You punch a freaking hole in the wall and jump for it.

Location

A construction site somewheres


The crew for the construction on the group of residential apartments has something quite nice for lunch nearby: well, considering. There's a circle of trucks with a variety of food within walking distance on the site, as it's close to a patch of commercial buildings. So for the most part, the workers find delicious hot food over that way, and leave the direct vicinity of the apartments.

It has just so happened that upon returning to the site just past lunch, one of the workers suddenly bolted down out of the upper floor, crossing himself and yammering about that the devil has taken over the building and marked it with his evil. Perhaps it's an indian burial ground. ...And so on. He explains this very rapidly to the foreman, who looks dubious and uninterested about some crazy sighting. Hard to believe, particularly with it being afternoon, but the worker is clearly frenzied about it.

Emergent from the lunchy-warm smells steaming off vendor carts, Kay and Ash make a casual duo. Beanpole-built, exceptionally tall and exceptionally wiry-lean, Kay's worn-out skinny jeans and calf-high steel toes swing his bony hips under a black leather jacket, unzipped and swinging open from a t-shirt with a skull and crossbones on it, a red beanie hat, fingerless gloves carrying a MASSIVE hoagie sandwich. The cold doesn't seem to affect him much - stand close enough to feel the subtle heat radiant from his proximity and you might suspect why.

His ongoing attempt to coax Ash to let him drive a backhoe ("-come ON man get that beast UNDER me, I'll do her RIGHT-") fades off as they near the construction site once again. And the commotion erupting by the foreman. "Trouble in paradise?" he asks serenely through a full-cheek.

Ash is carrying a likewise large hoagie, but he has already started into his. He's not as tall and not as thin as his companion, and definitely a little bit browner. He's dressed in a brown canvas, treated coat with leggings to match, the thick material coated with dirt and grime from work. He pauses where he is and blinks rapidly at the commotion that has come up. He frowns a little and glances over to Kay, reaching up to wipe at his mouth before looking over at the construction site. "I... guess. It's weird, man, because he's usually such a solid guy. I suppose we ought to go check it out. Wanna hunt some demons, flame-o?"
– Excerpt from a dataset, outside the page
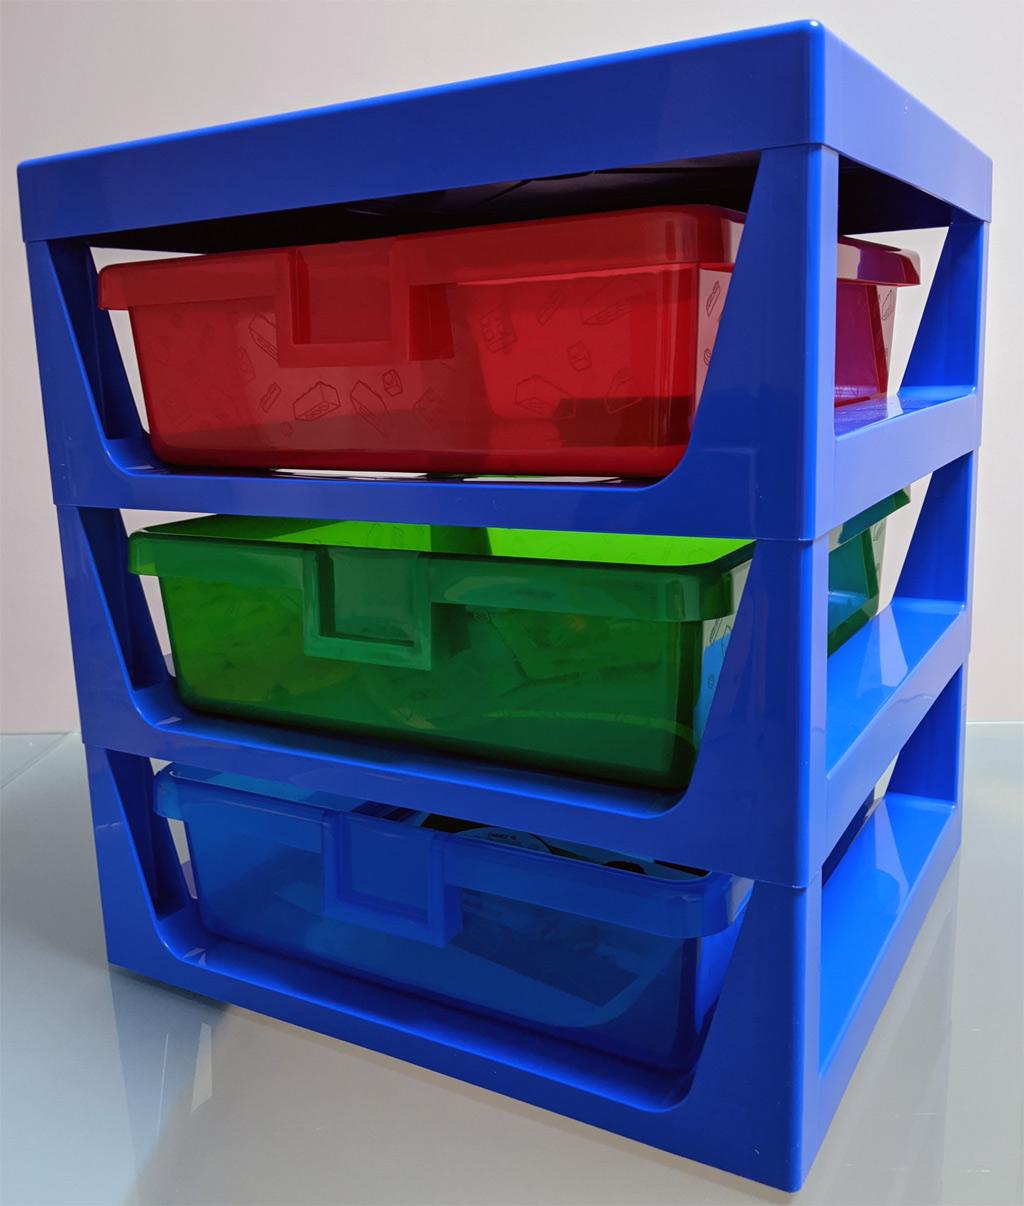 lego-40950001-aufbewahrungsregal-mit-3-schubladen-unboxing-zusammengebaut-andres-lehmann zusammengebaut.com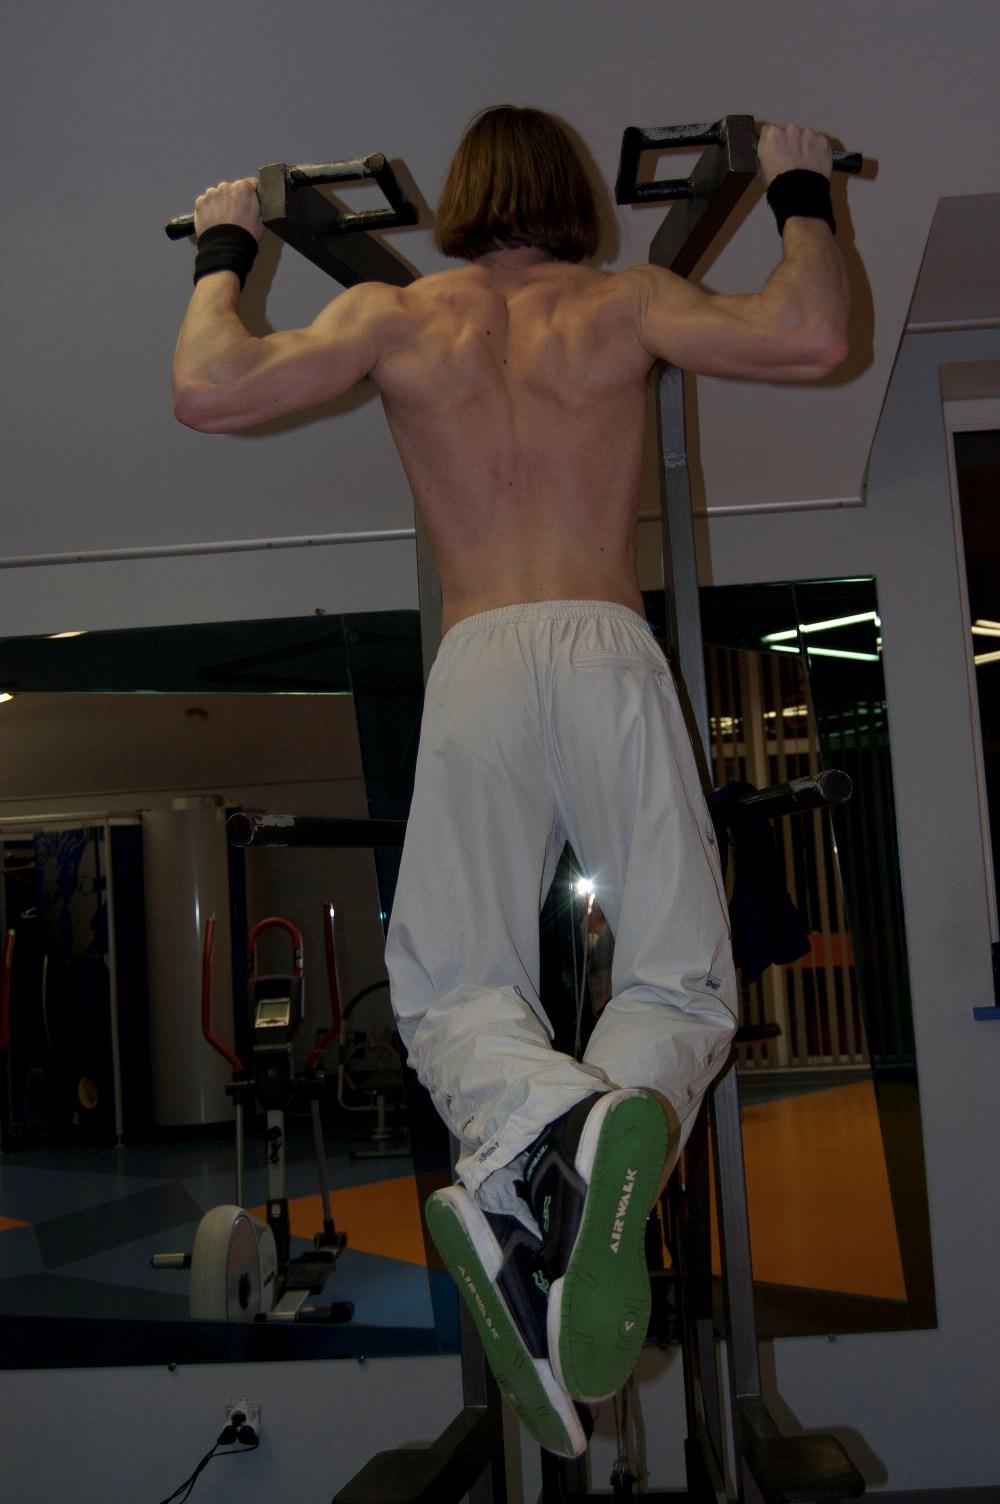 правильная программа тренировок, как часто тренироваться, сколько надо отдыхать спортсменам.

They're not the only ones who are reacting in a manly way about it. At least one guy has already started up the stairwell of the incomplete apartments, clearly certain nothing will be found there. Interior work isn't so bad, since it's not quite as cold inside, besides. But demons appearing out of nowhere will PROBABLY slow work down a little bit. As of now, the building looks unassuming and no different than it did before lunch. The 'demon' isn't making any obvious moves. Perhaps the guy just ate a bad fish taco. For now the foreman resolves it by putting him on another outdoor task and 'encouraging' everyone to get their asses back to work.

Kay's eyes fix on the building, exposing a crooked-and-chewing grin as hard and ferocious as a broadsword, "I have gone my whole life wanting to be asked that." With all that long leg, he has to kind of show-pony prance his way over piled sack of cement, swing his hips wide around a passing wheelbarrow, generally falling innocently in line behind Ash as they breach the outer barrier to the construction zone. Presumably, Ash will toss him a hard hat to at least make a passing /nod/ to construction site safety codes, which Kay will wear with an even WIDER shit-eater grin.

By the time they reach the building proper, the wildest of the mania has smelted down to a little more casual-assessing, commenting, "All the civvies are gonna make this messy, if I gotta light up. How're you packing for topsoil?"

"Why do you think it's something real? I'm figuring some possum on rabies came up here and scared the shit out of the guy. Poo smears making it seem all bewitchy and the creature making all sorts of noise." Ash does hand him a hard hat, strapping on his own as he heads up into the building to where the worker claimed to see the demon go down. "Or maybe, there's a drop cloth flapping on the wall and someone had a little not kosher during lunch and probably needs a tox screen before he gets back to work." Even so, he's a little tense. "We got cinder blocks on every floor." He's good.

The guy on the stairs, let's call him Daniel, disappears up into the building. A little bit later, there's a truly horrible noise that emits from the stair, the windows, the whole place throbs with the sound, despite that it only lasts for about two seconds in length. Sounds similar to a shriek, possibly a giant demon cat being twisted into a knot. It carries no emotion, just a horribly eerie, ghastly note that makes the air throb against eardrums just slightly, suggestive of how high up in pitch it may go. It would mesh perfectly with a horror movie, to generate chills. ........That'd have to be one HELL of a opossum. Daniel doesn't come running out, either.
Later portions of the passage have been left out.